After 20 Minutes of Listening, New Adobe Tool Can Make You Say Anything
Adobe promises never to abuse it as they use to abuse their host.
Hell no. Image: Adobe Creative Cloud/ YouTube
Ever wanted to make Natalie Portman yell obscenities at your neighbors? What if Garey Busey could leave your mother a sexy voicemail on her birthday? Wanted to prank your little brother by forcing him to call his crush and profess his love? Adobe has you covered.
When Adobe released photoshop in 1990, it dreamed of a world where movie studios and photo editors could do in minutes what once took hours. It never dreamed the world would take the digital editor and use it to put celebrity heads on porn star bodies, distort women's bodies in magazine cover, and create vile memes.
Now, the same company that gave the world Photoshop wants to do for the human voice what it did for the human image—give people the tools to warp it in anyway they see fit.

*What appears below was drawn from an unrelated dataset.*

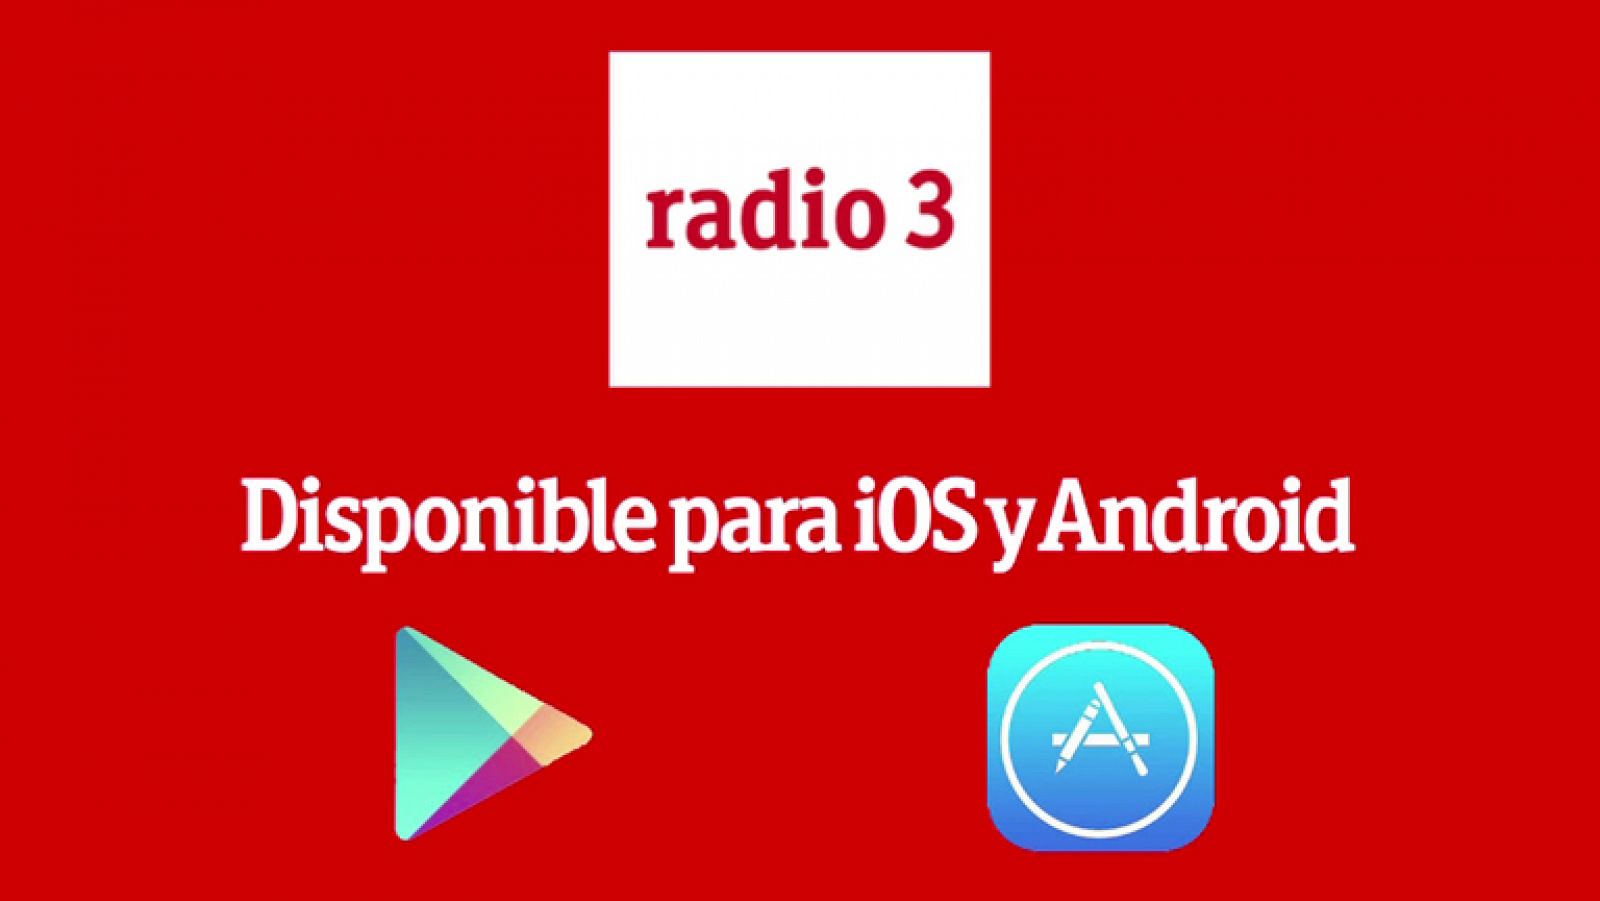 Aplicación de Radio 3 para iOS y Android - 17/10/2013

At the Adobe Max Creativity Conference, the company premiered VoCo: an audio editing suite that will allow users to make people say whatever they want just by typing.
According to Adobe, after about 20 minutes of listening to a voice, users can make the voice say whatever they want just by typing it out. Comedian and director Jordan Peele hosted the event and Adobe tech Zeyu Jin demoed the process by editing an interview with Peele's comedic partner Keegan-Michael Key. Jin took existing audio of Key, then used the software to make him talk about making out with Peele instead of his wife.

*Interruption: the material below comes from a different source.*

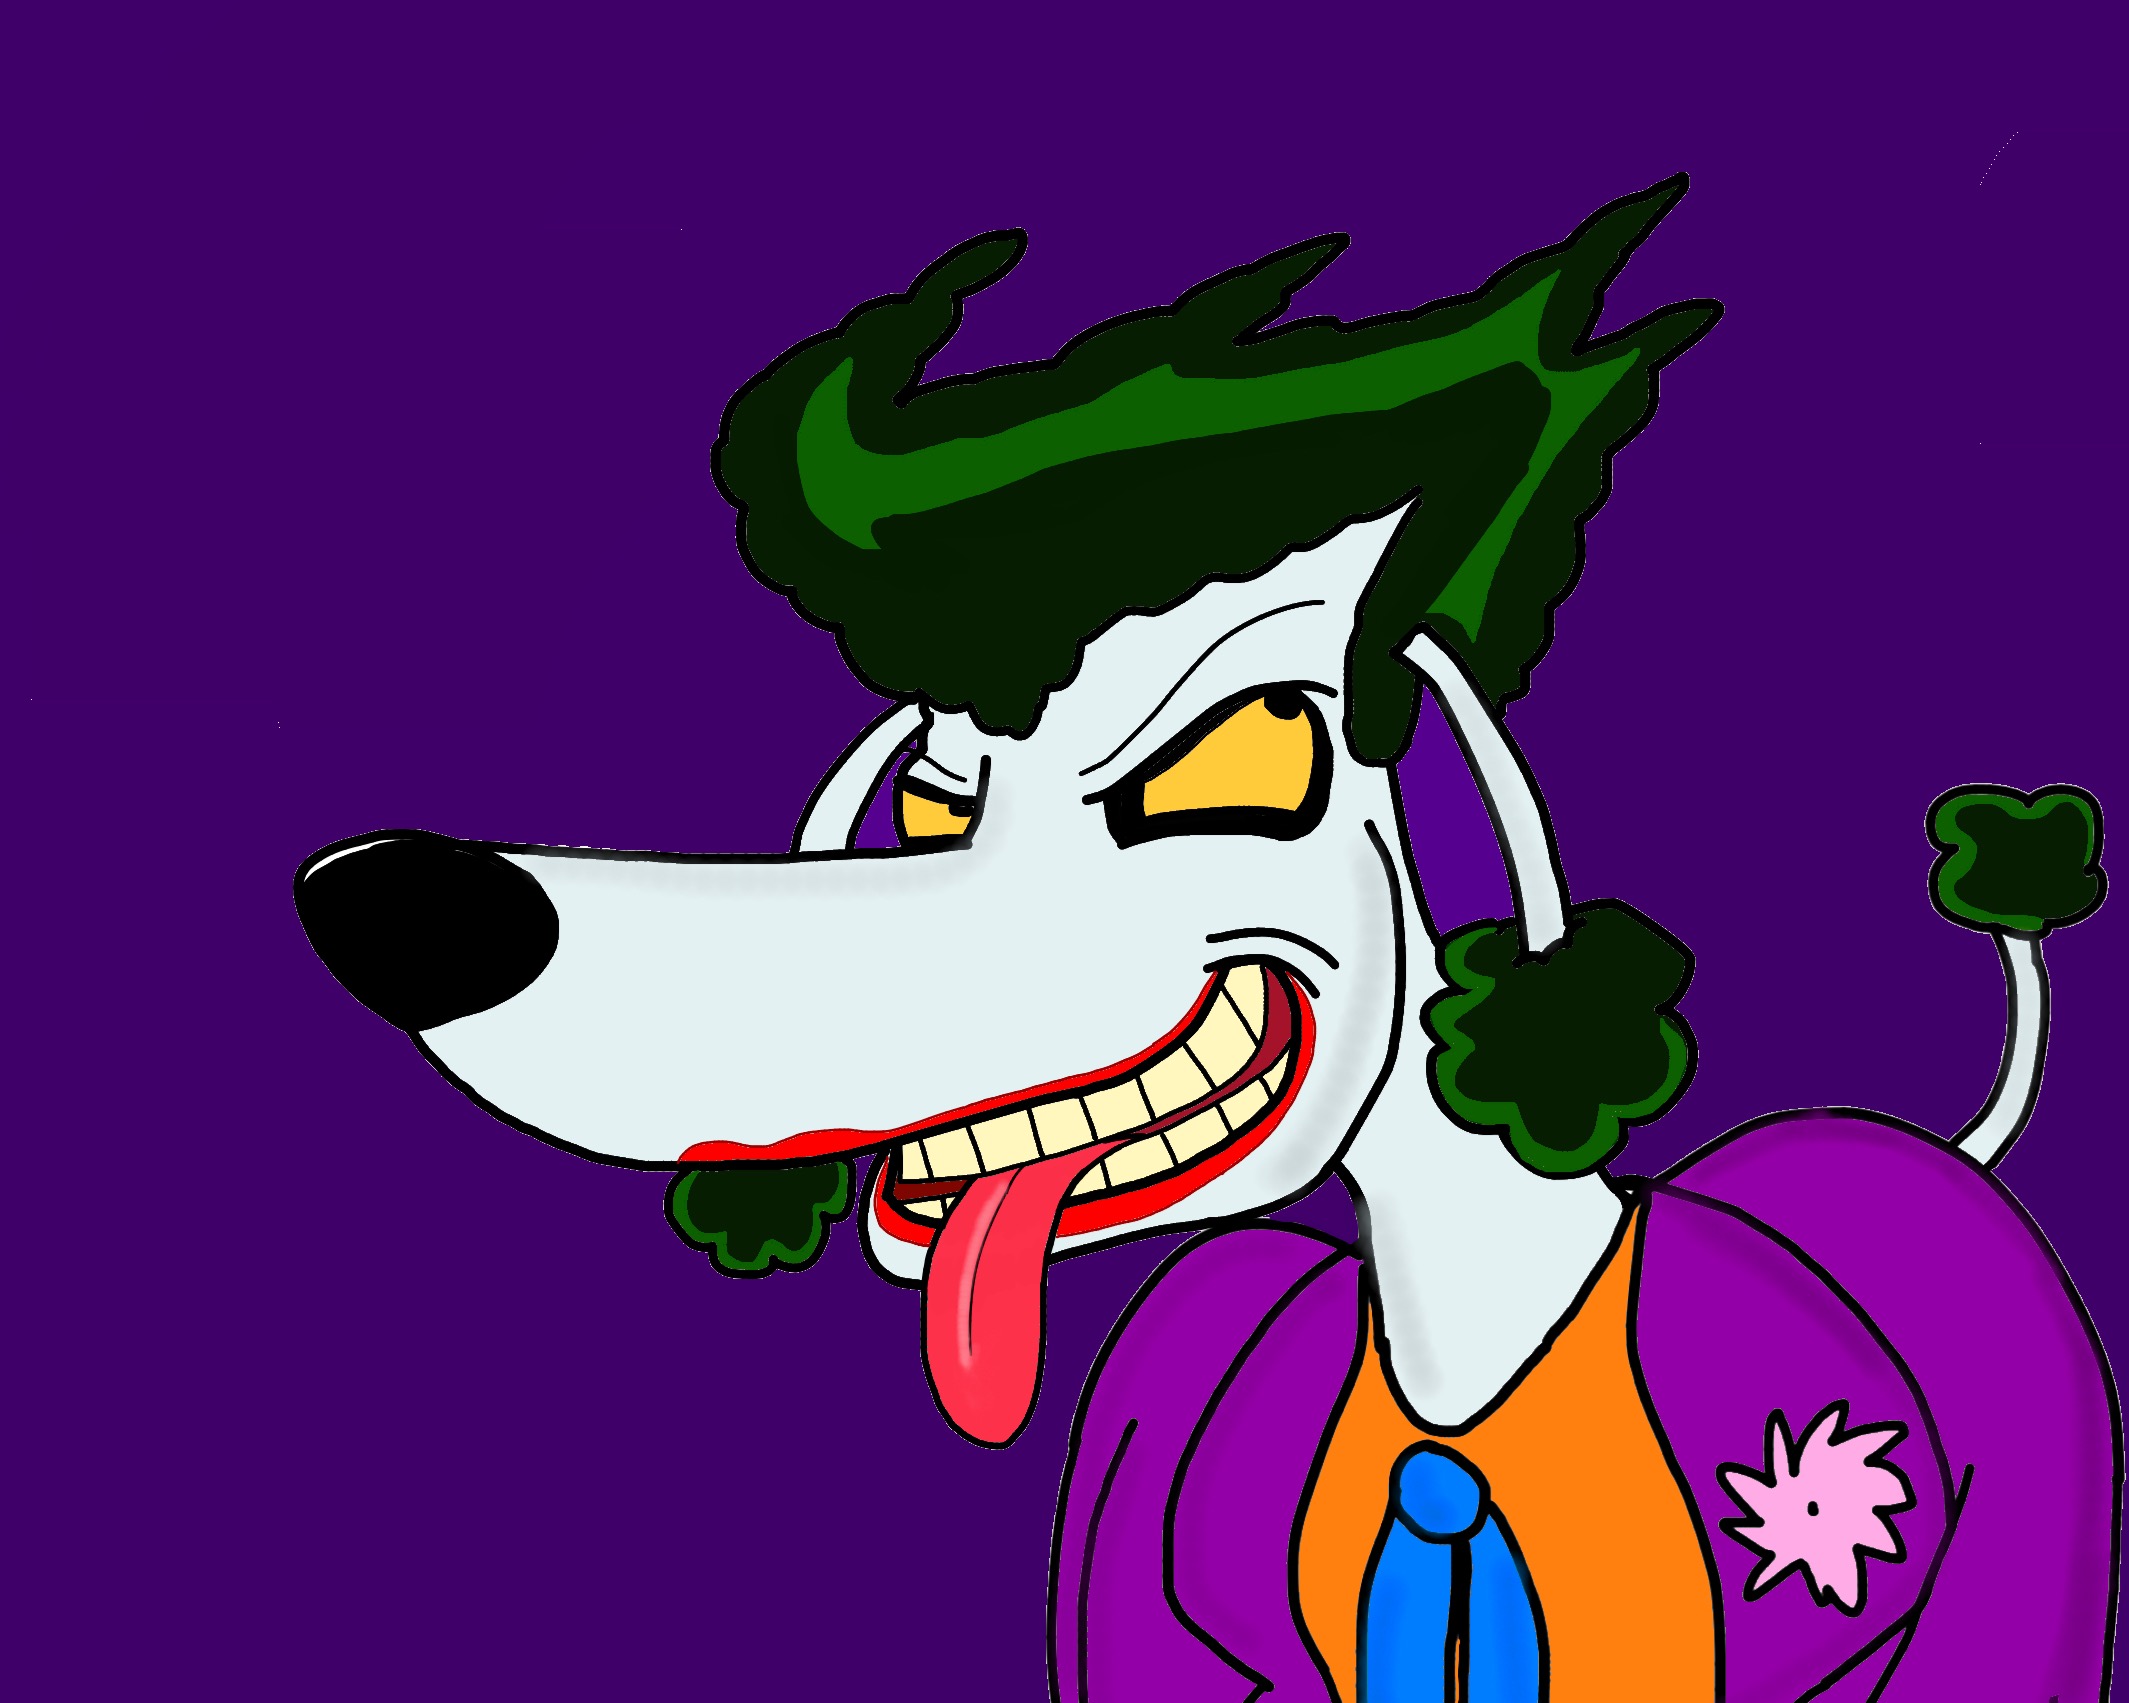 Anthro Joker poodle by BtasJokerFan

In the audio clip, Key expresses his excitement about an award nomination. "I jumped on the bed," Key said. "And I, uh, kissed my dog and my wife … in that order." The screen above Jin's head displayed an audio waveform and a small box with the transcribed sentence.
Jin erased portions of the sentence and typed out new phrases and the waveform changed to match. In seconds, the Adobe tech had made Key say he'd kissed his wife before his dog, then kissed Jordan, then kissed Jordan three times. Jin did all this just by typing. It sounded seamless.
"Don't worry," Jin said. "We actually have researched how to prevent forgery. Think about watermarking detection. As we're getting the results much better, making it so people can't distinguish between the fake and the real one, we're working harder trying to make it detectable." He then gave a thumbs up and grinned.
Jin said Adobe developed the software to help podcasters and audio book editors. Typing out the new audio instead or re-recording would be a blessing in both professions. But Adobe knows this can be used to make people say things they didn't say. Hell, the first thing it did to demo the technology was mess with the host of its own conference.